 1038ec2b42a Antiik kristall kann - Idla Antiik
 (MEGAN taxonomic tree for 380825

==

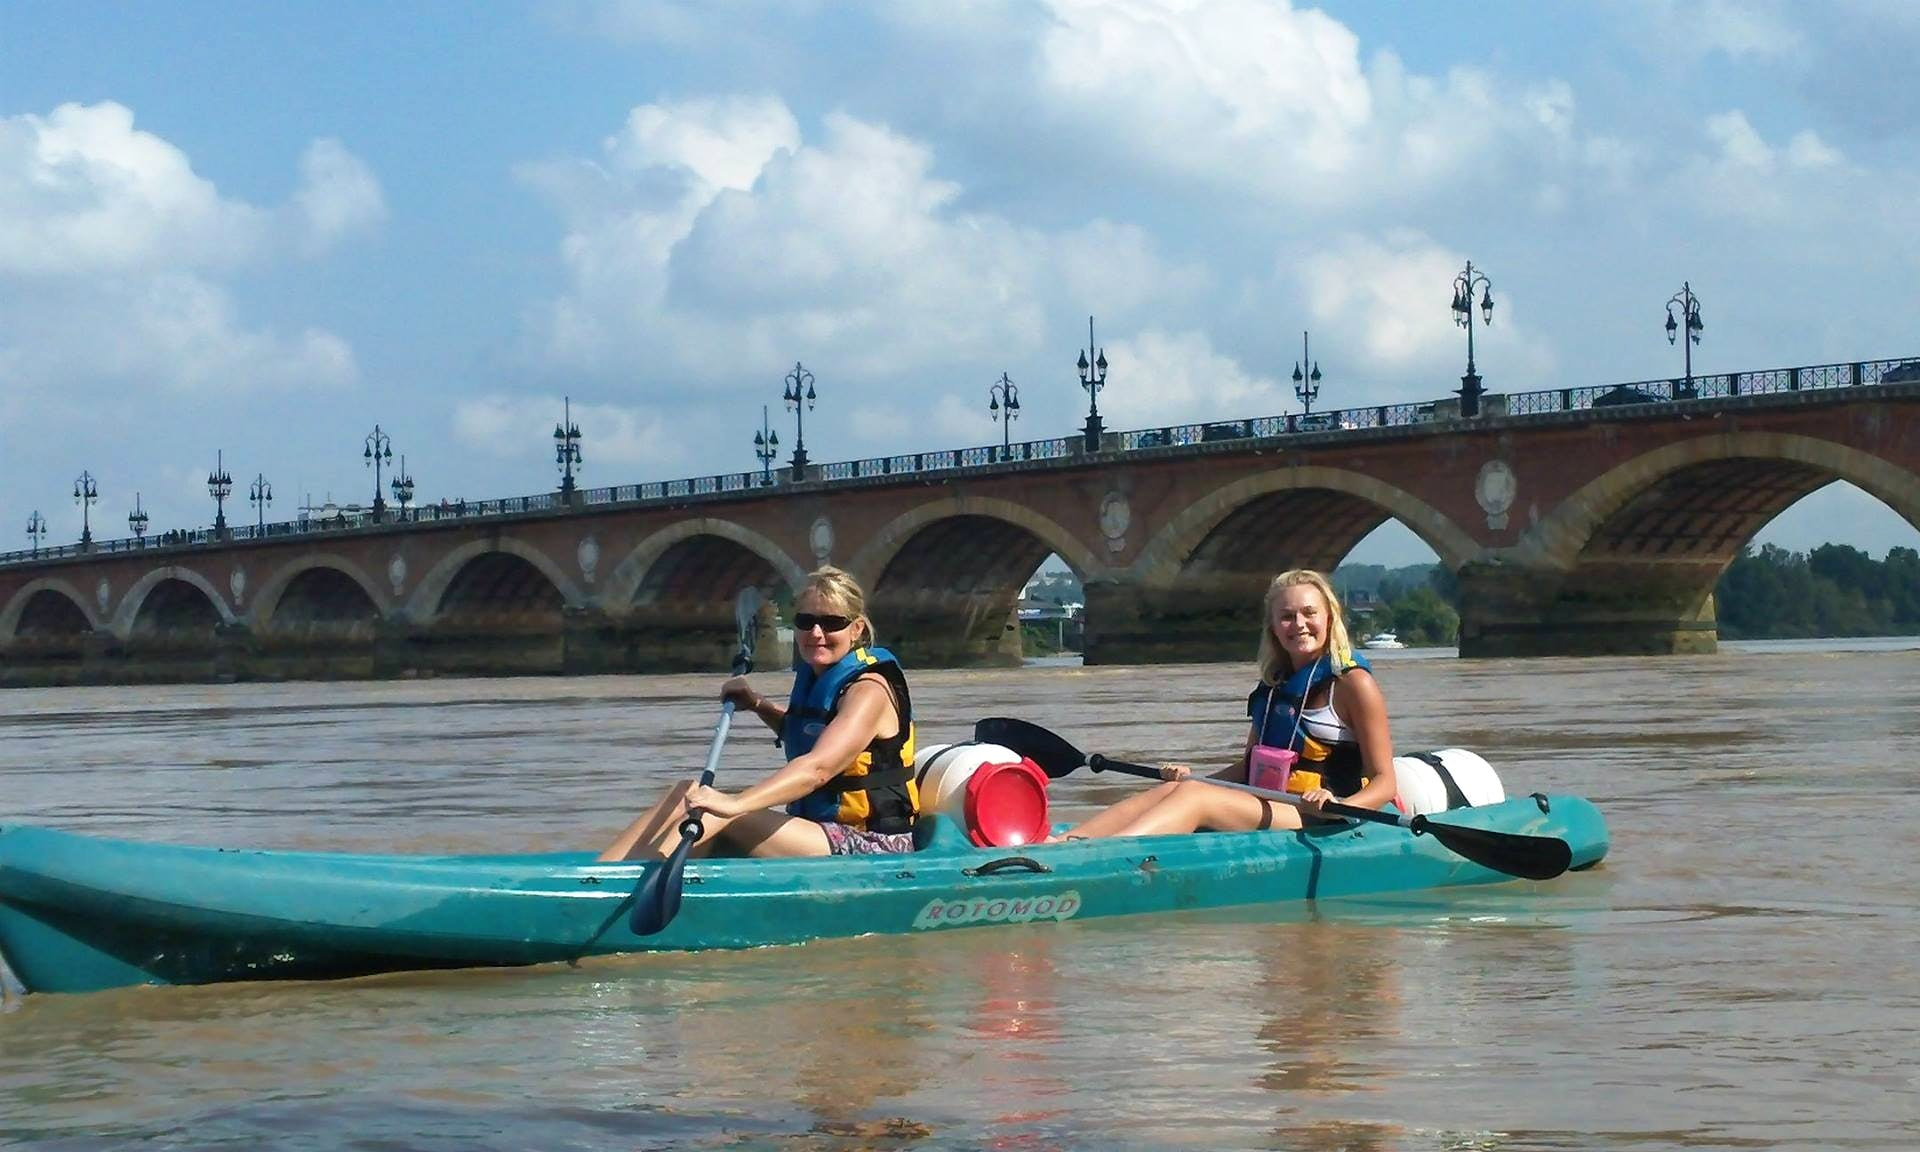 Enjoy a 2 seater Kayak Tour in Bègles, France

◆ WHAT IS REQUIRED ◆
Above are the records; copy exactly the lines from the line with "1038ec2b42a Antiik kristall" through the line with "(MEGAN taxonomic tree for 380825", both included.

◆ FINISHED EXERCISE ◆
 1038ec2b42a Antiik kristall kann - Idla Antiik
 (MEGAN taxonomic tree for 380825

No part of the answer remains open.